Making connections: Bristol academics at UK-Japan smart grids workshop

Making connections: Bristol academics at UK-Japan smart grids workshop

Researchers from the University’s Centre for Communications Research (CCR) visited Osaka, Japan recently to present details of the UK’s progress on ‘smart energy’ to the UK-Japan Smart Grids and Smart Communities Workshop.

The event, organised by the British Consul for Science and Technology and supported by UK Trade & Investment , was opened by Lord David Howell, Foreign Office Minister, who highlighted the global challenges concerning efficient energy usage and the role of ’smart’ technologies in addressing them.
The term ‘smart grid’ refers to the complete system that uses information and communication technology (ICT) to manage the entire electric energy chain, from generation to consumption. It is hoped that research will contribute to significant savings against the projected 200-250 billion expenditure for upgrading the UK’s national electricity grid in the next 10-15 years.

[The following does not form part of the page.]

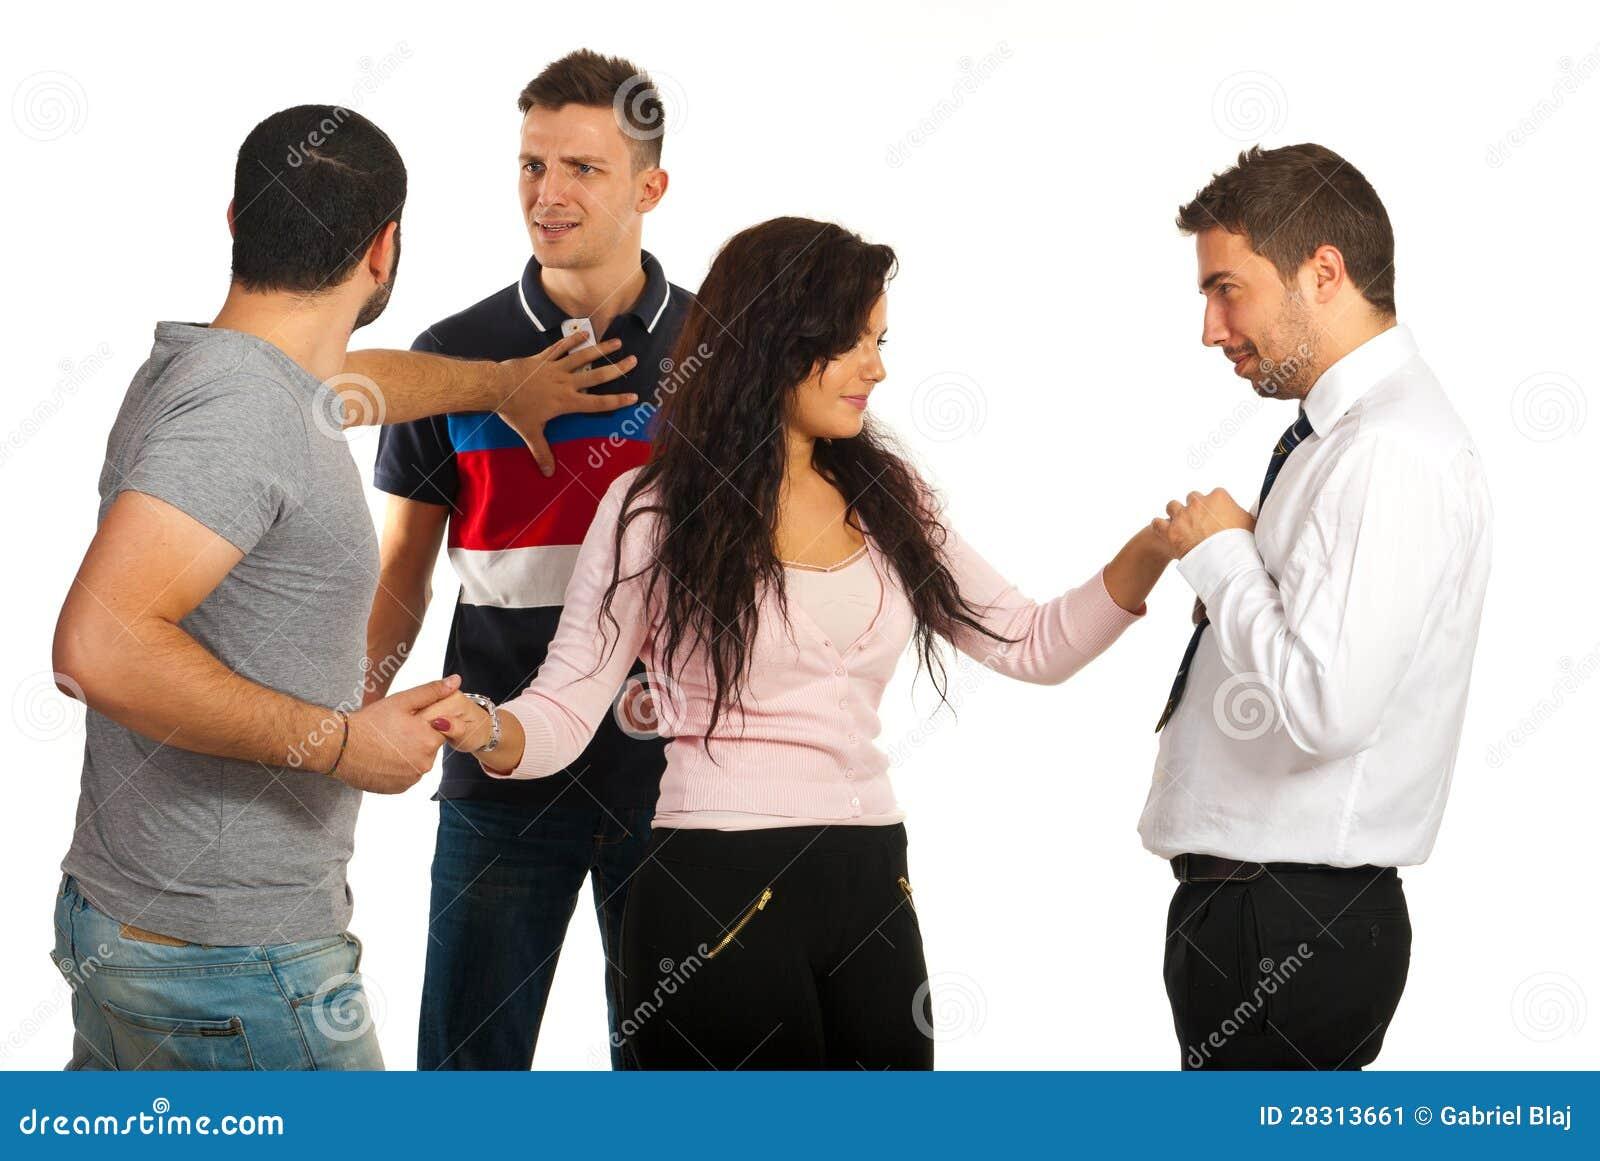 Dating 2 guys at same time

The electricity grid is probably the largest distributed ’machine’ in the UK. Until now, it has been managed centrally, and high reliability and availability is only achieved by significant - and increasingly expensive - overprovision. The smart grid proposals would change the current supply model from a demand-led one, to one where various processes actively manage the demand so that it follows the available generating capacity. This is particularly important in view of the significant forecasted use of renewable energies, such as solar, wind or tidal power.

Professor Joe McGeehan of the CCR outlined the challenges of designing, test and standardising components that will produce an integrated smart metering and grid management system in ways that meet energy network requirements, while protecting the security and privacy of the consumers.

Researchers in the CCR, in collaboration with EDF Energy, EDF R&D, BT and Digital Living, have been developing large-scale simulation platforms to understand the interactions that arise when such a large system is put in place (a project, entitled CLEVER, which follows on from the EU ETHOS project (1996), in which the CCR initially investigated smart metering). Dr Dritan Kaleshi reported on the work of the project team and invited collaborators to use the platform for testing different deployment scenarios for smart metering and smart grid energy management algorithms.

The project team hopes to organise a similar workshop in Bristol with a view to inviting further collaborators from local industry and Bristol City Council.